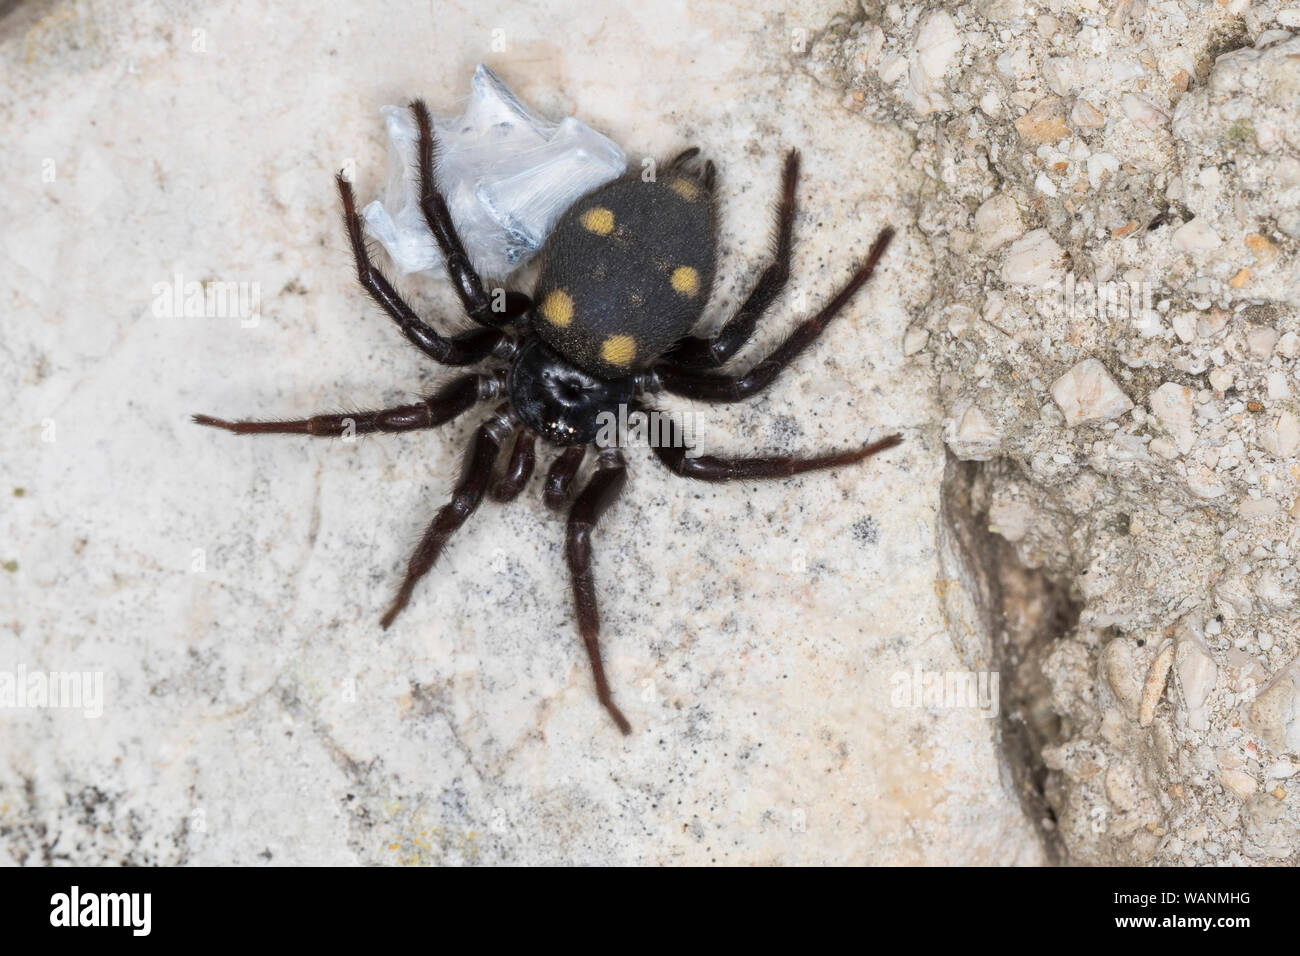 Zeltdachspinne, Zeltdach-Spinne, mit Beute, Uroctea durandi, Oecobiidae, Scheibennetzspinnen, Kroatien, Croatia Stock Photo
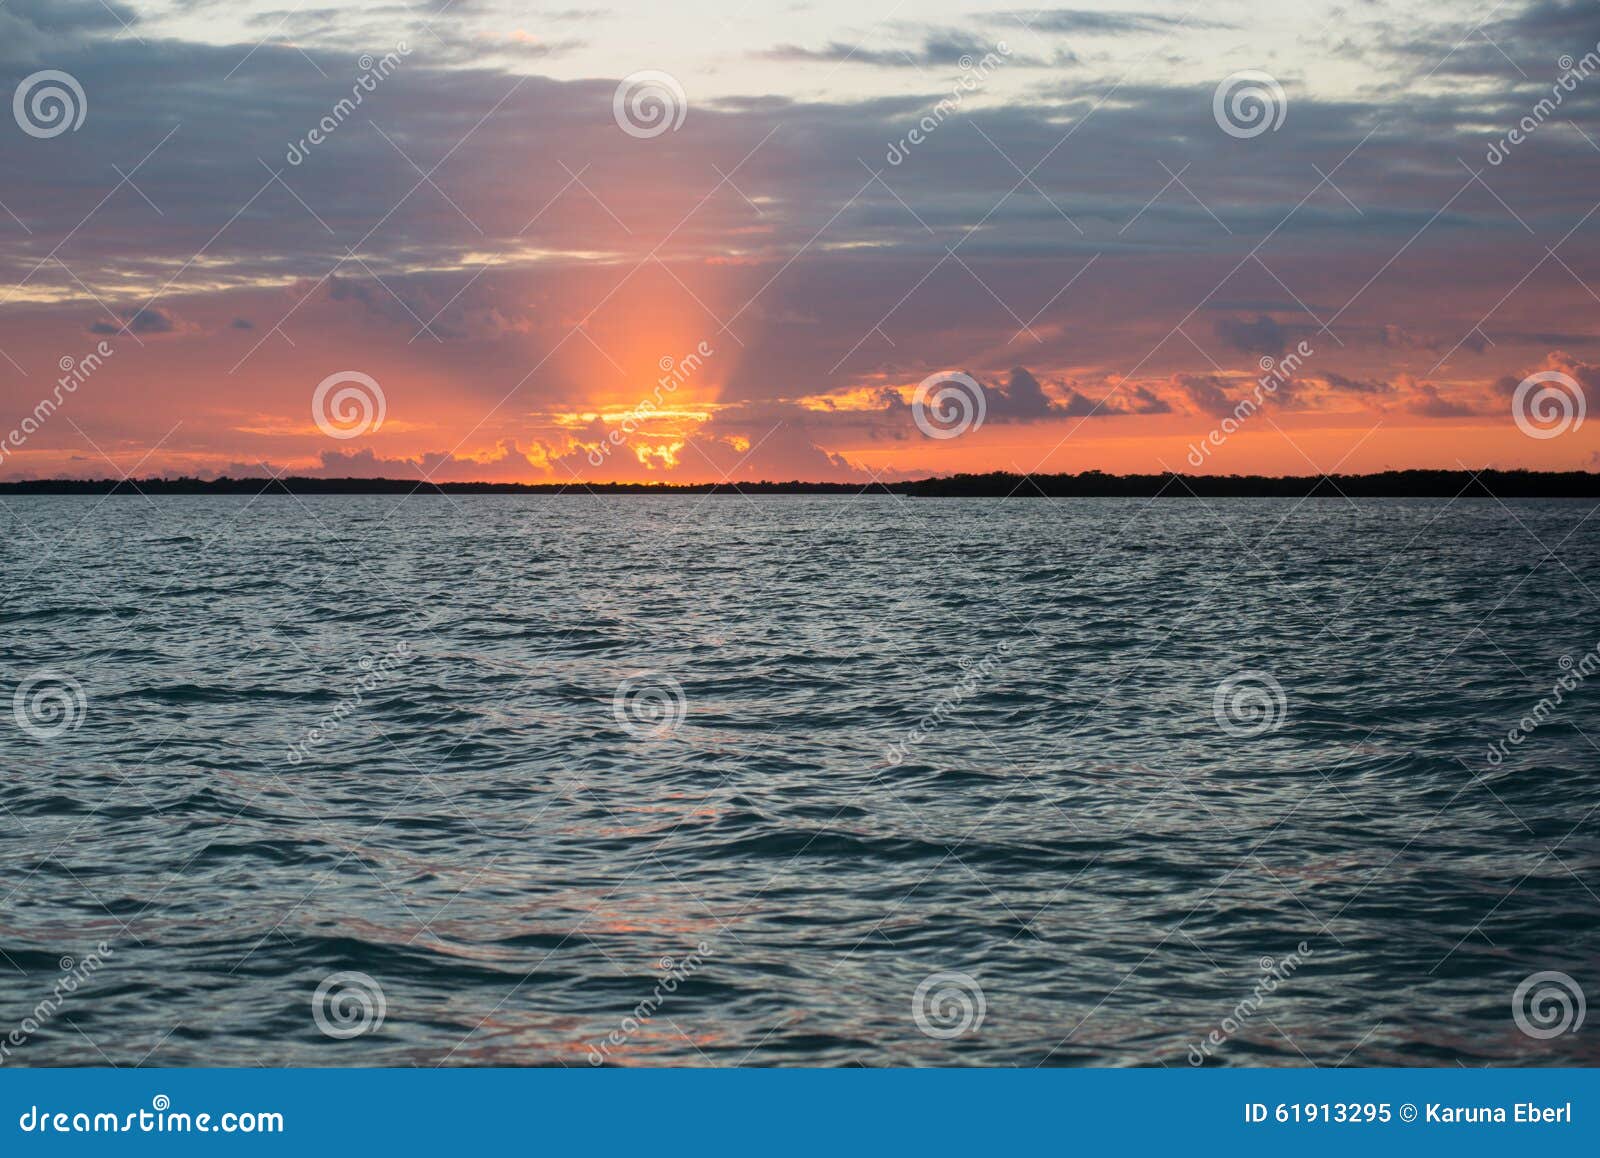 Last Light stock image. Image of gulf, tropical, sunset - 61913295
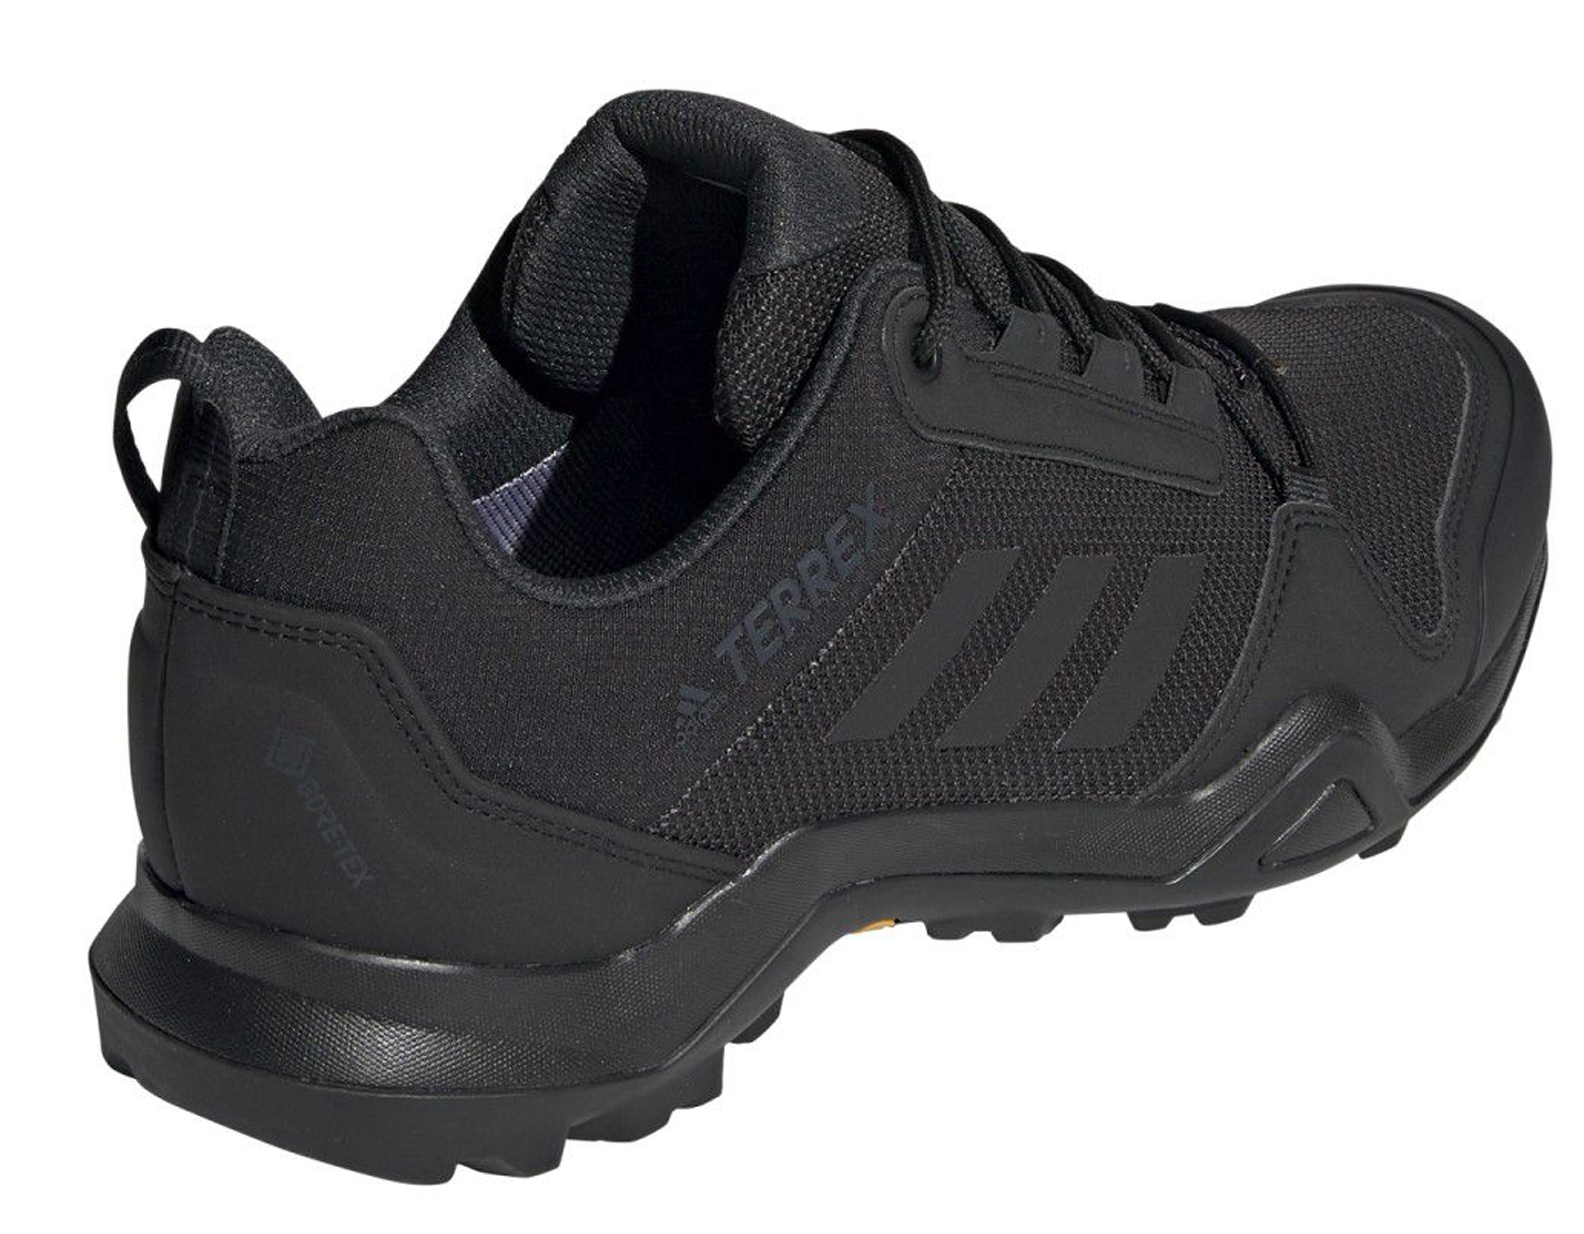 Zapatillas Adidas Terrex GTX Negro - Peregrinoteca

Exercise objective: Your response must reproduce the listing above word for word and must contain none of its pictures.

Response:
 Zeltdachspinne, Zeltdach-Spinne, mit Beute, Uroctea durandi, Oecobiidae, Scheibennetzspinnen, Kroatien, Croatia Stock Photo
 Last Light stock image. Image of gulf, tropical, sunset - 61913295
 Zapatillas Adidas Terrex GTX Negro - Peregrinoteca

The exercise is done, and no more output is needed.